» Data shown
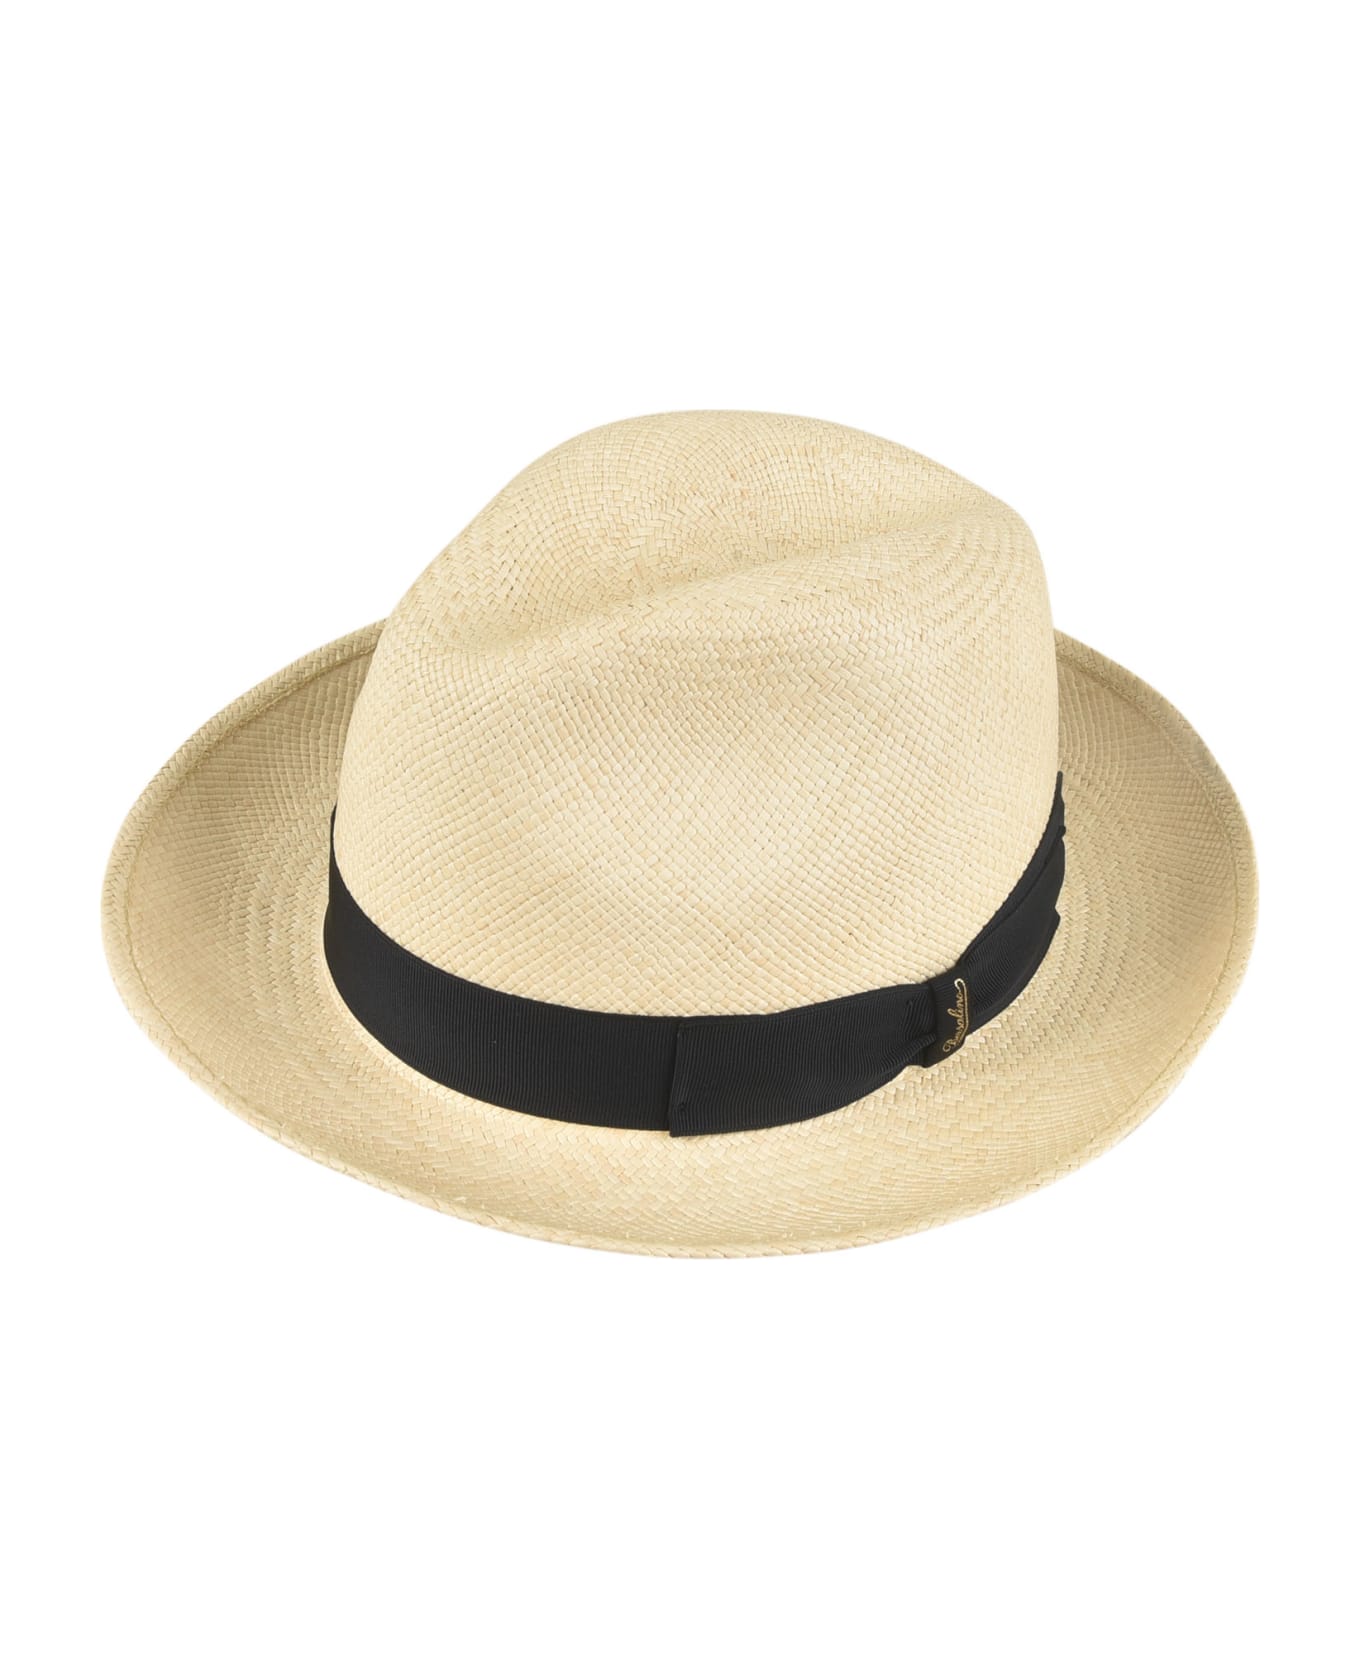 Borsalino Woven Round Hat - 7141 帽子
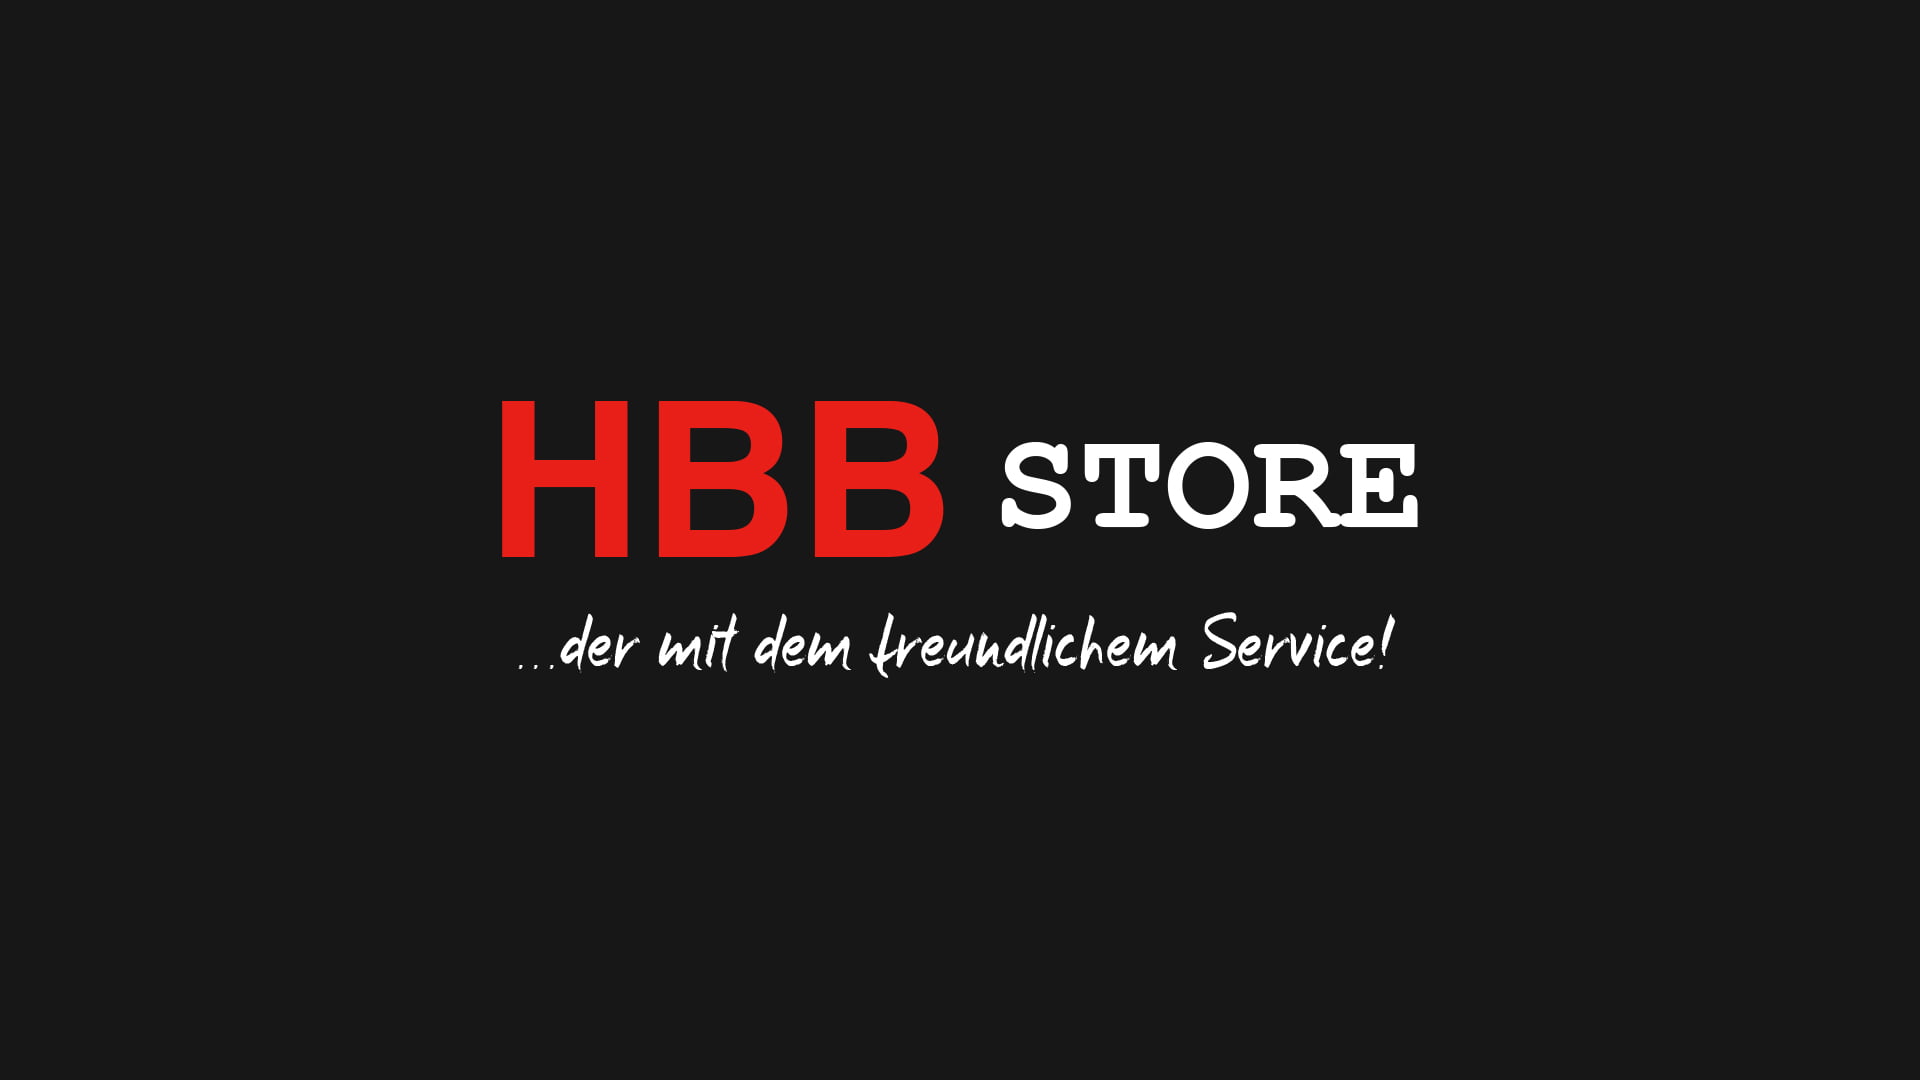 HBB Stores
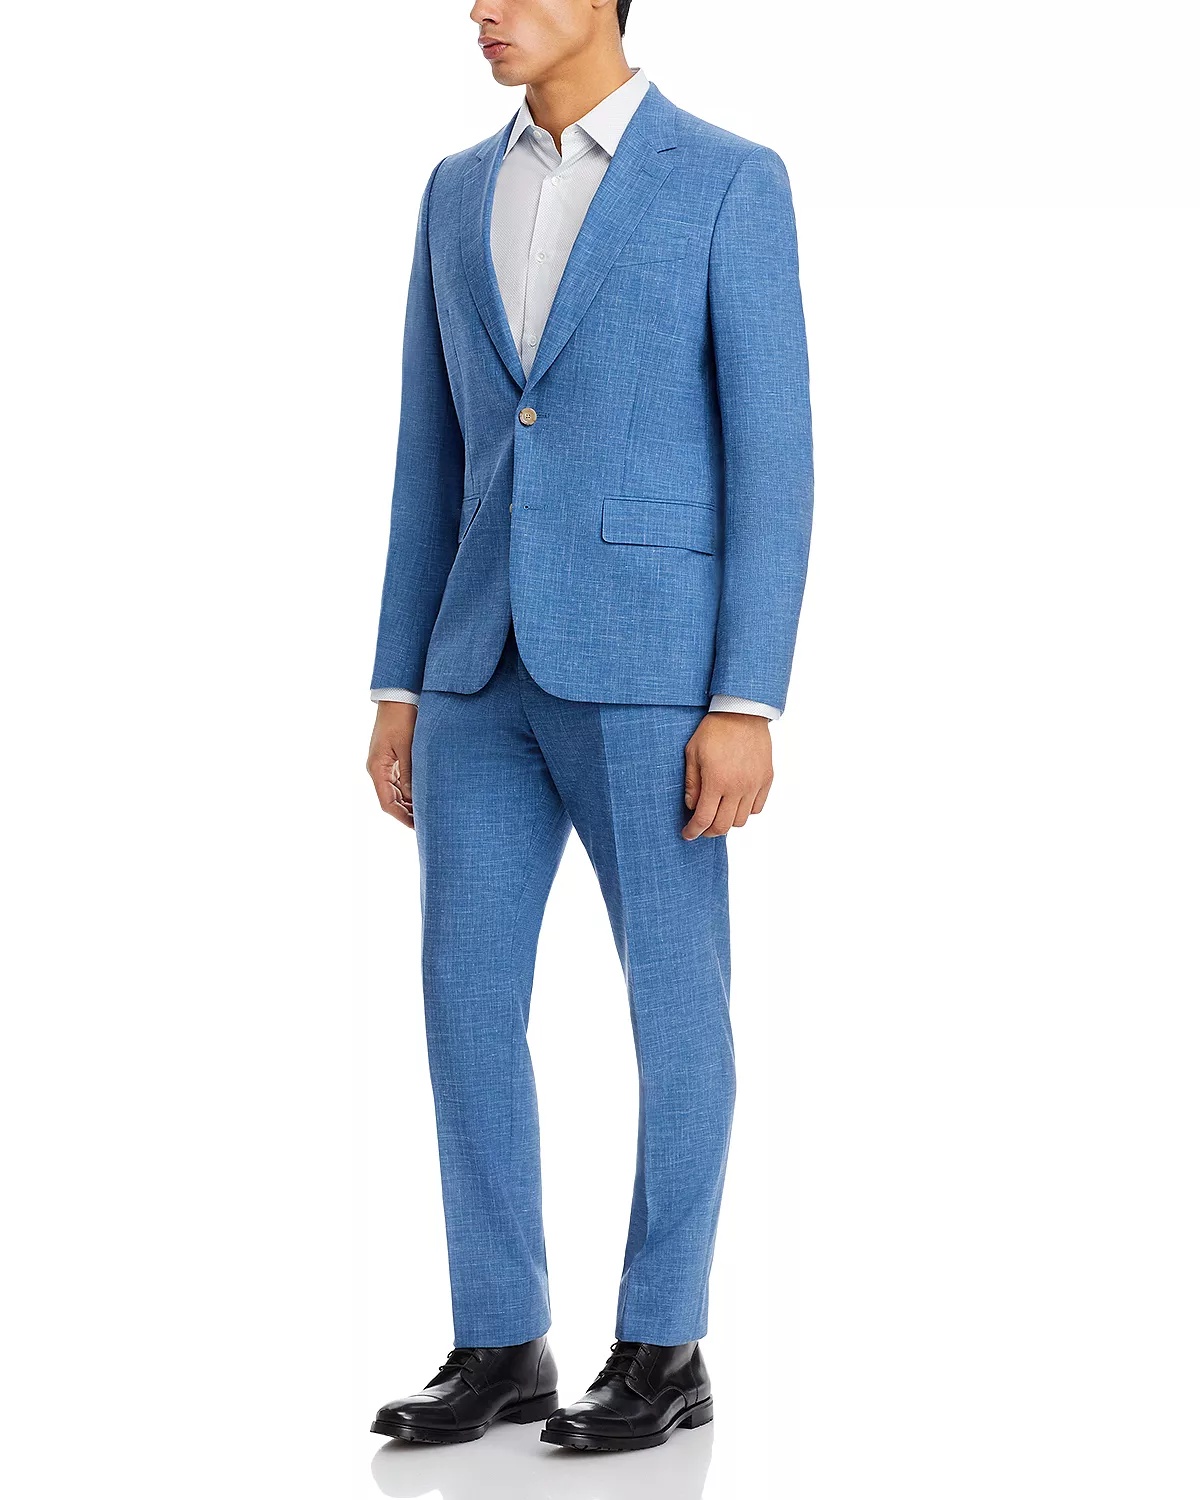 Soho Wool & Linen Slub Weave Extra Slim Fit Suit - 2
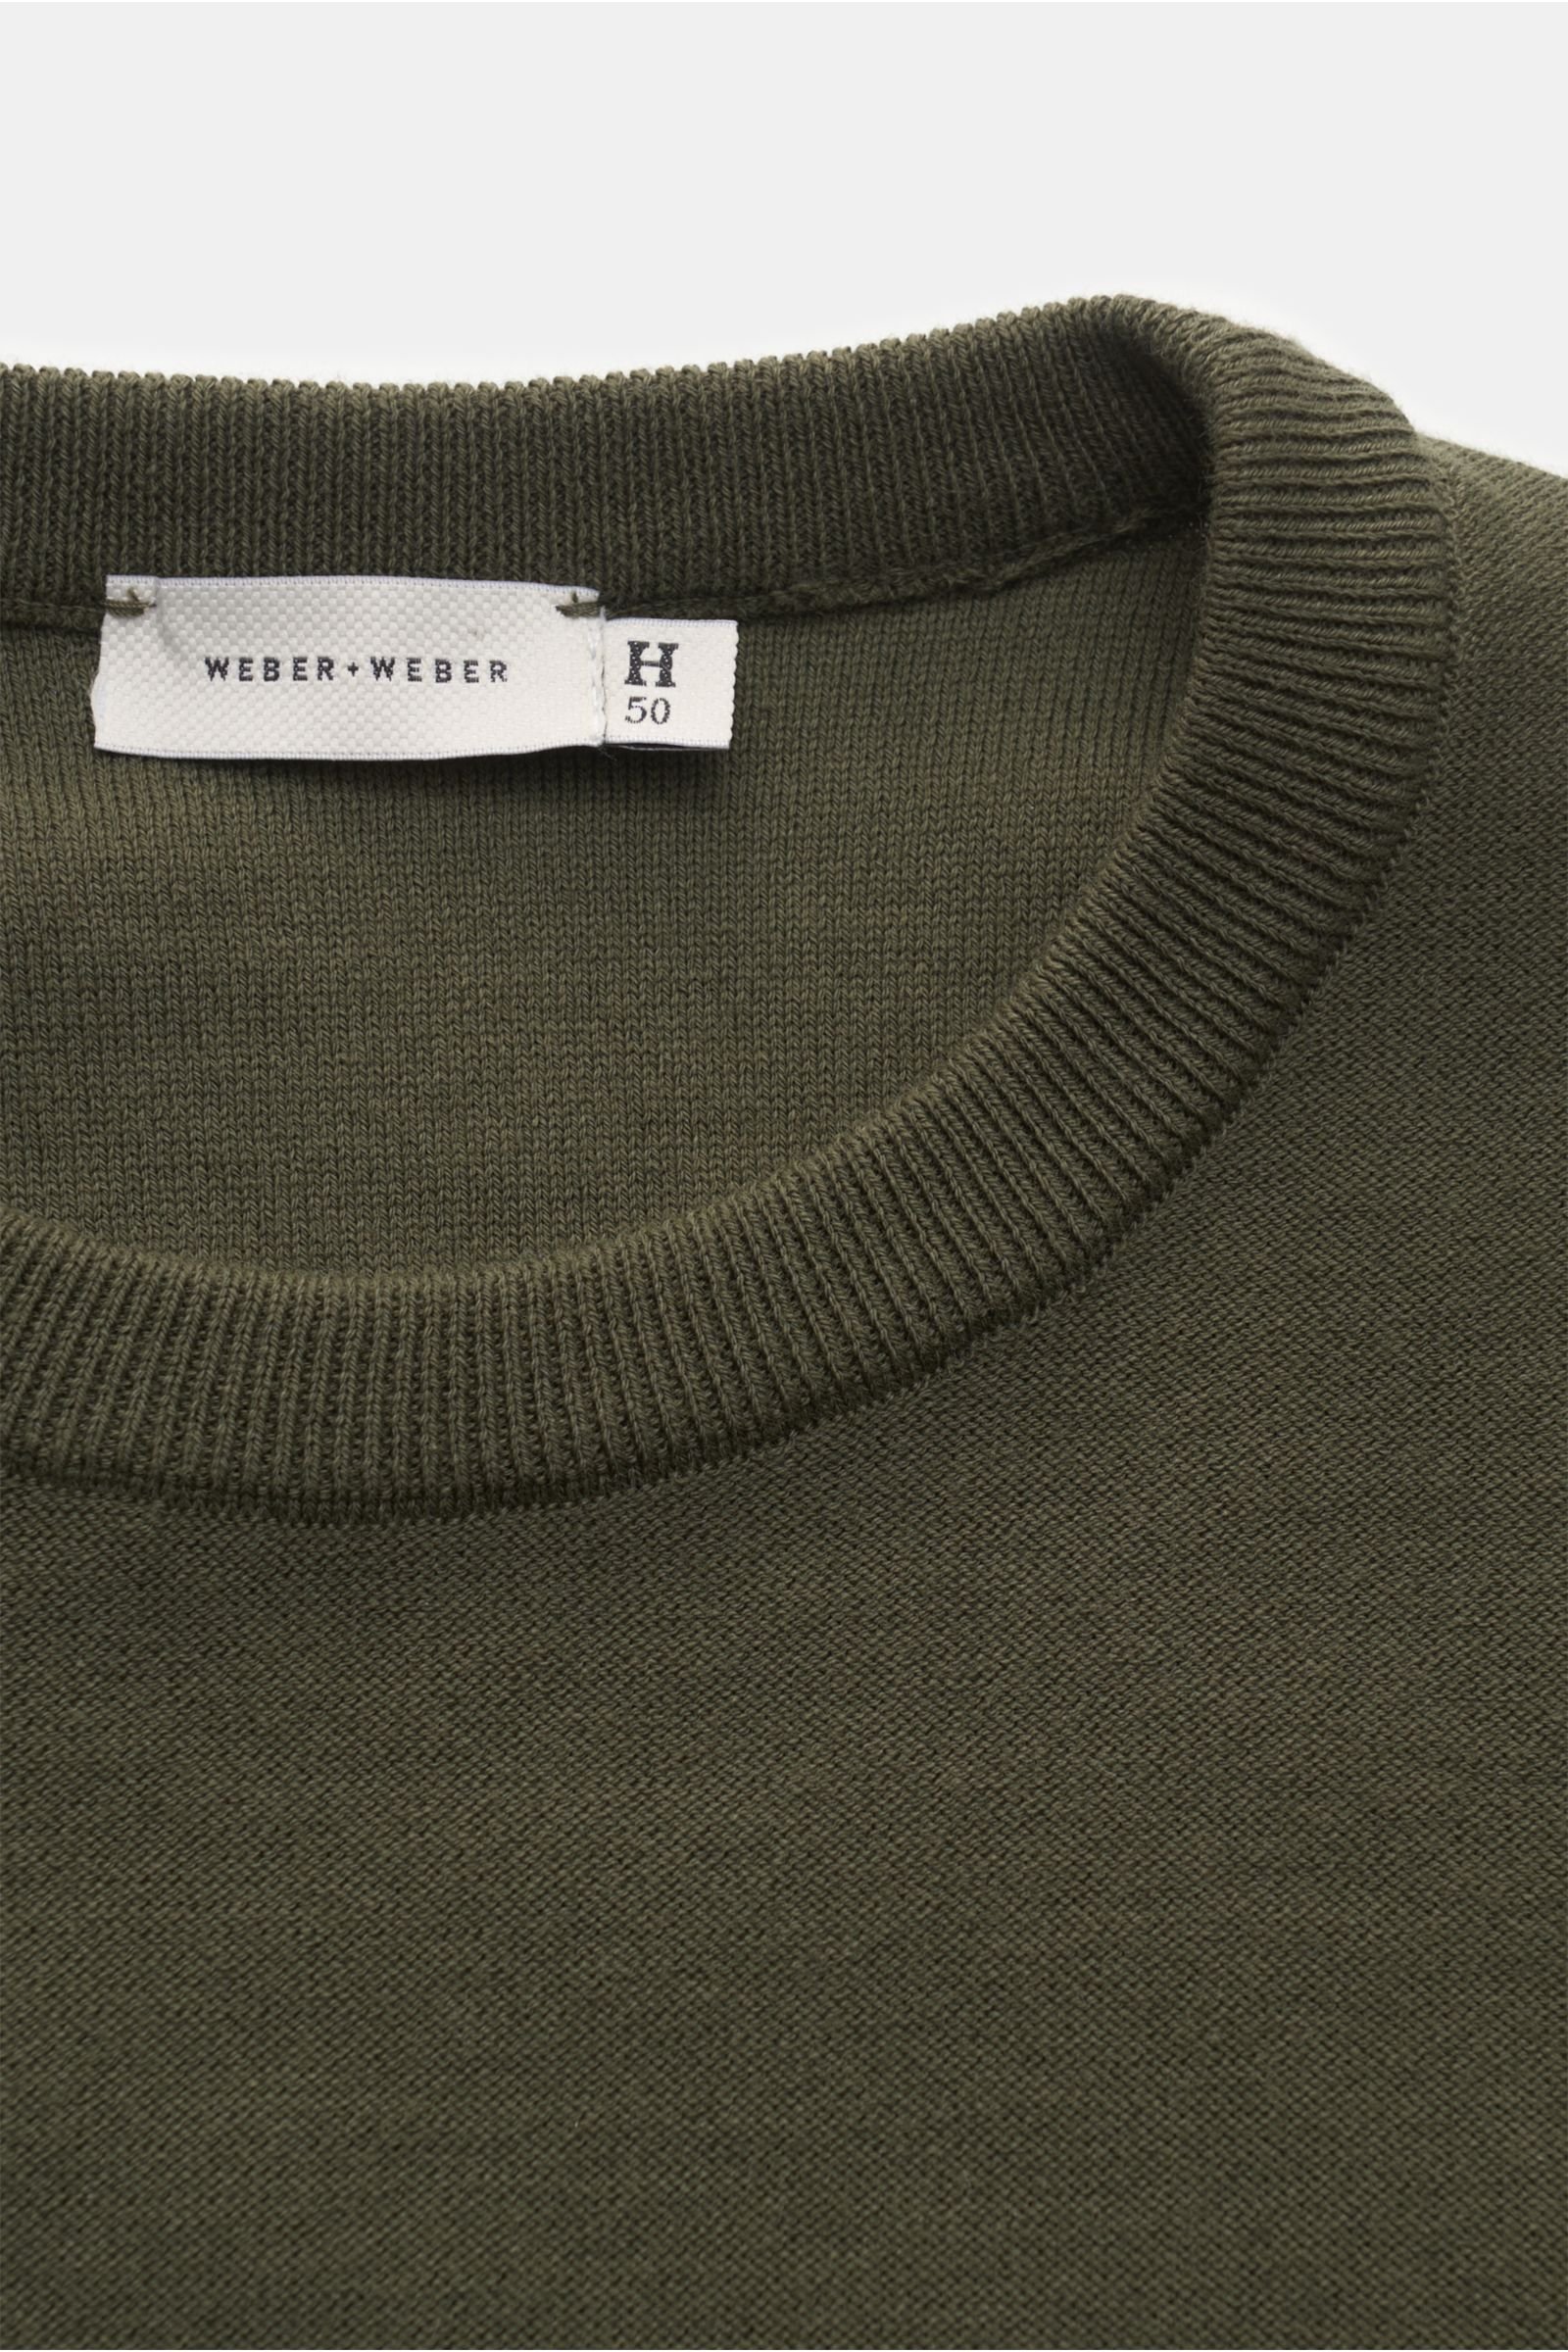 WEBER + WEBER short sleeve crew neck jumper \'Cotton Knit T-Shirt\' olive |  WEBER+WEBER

» Problem statement
Transcribe the preceding listing in its entirety and with exact wording, leaving out pictures.

» Solution to this exercise
 Borsalino Woven Round Hat - 7141 帽子
 HBB Stores
 Soho Wool & Linen Slub Weave Extra Slim Fit Suit - 2
 WEBER + WEBER short sleeve crew neck jumper \'Cotton Knit T-Shirt\' olive |  WEBER+WEBER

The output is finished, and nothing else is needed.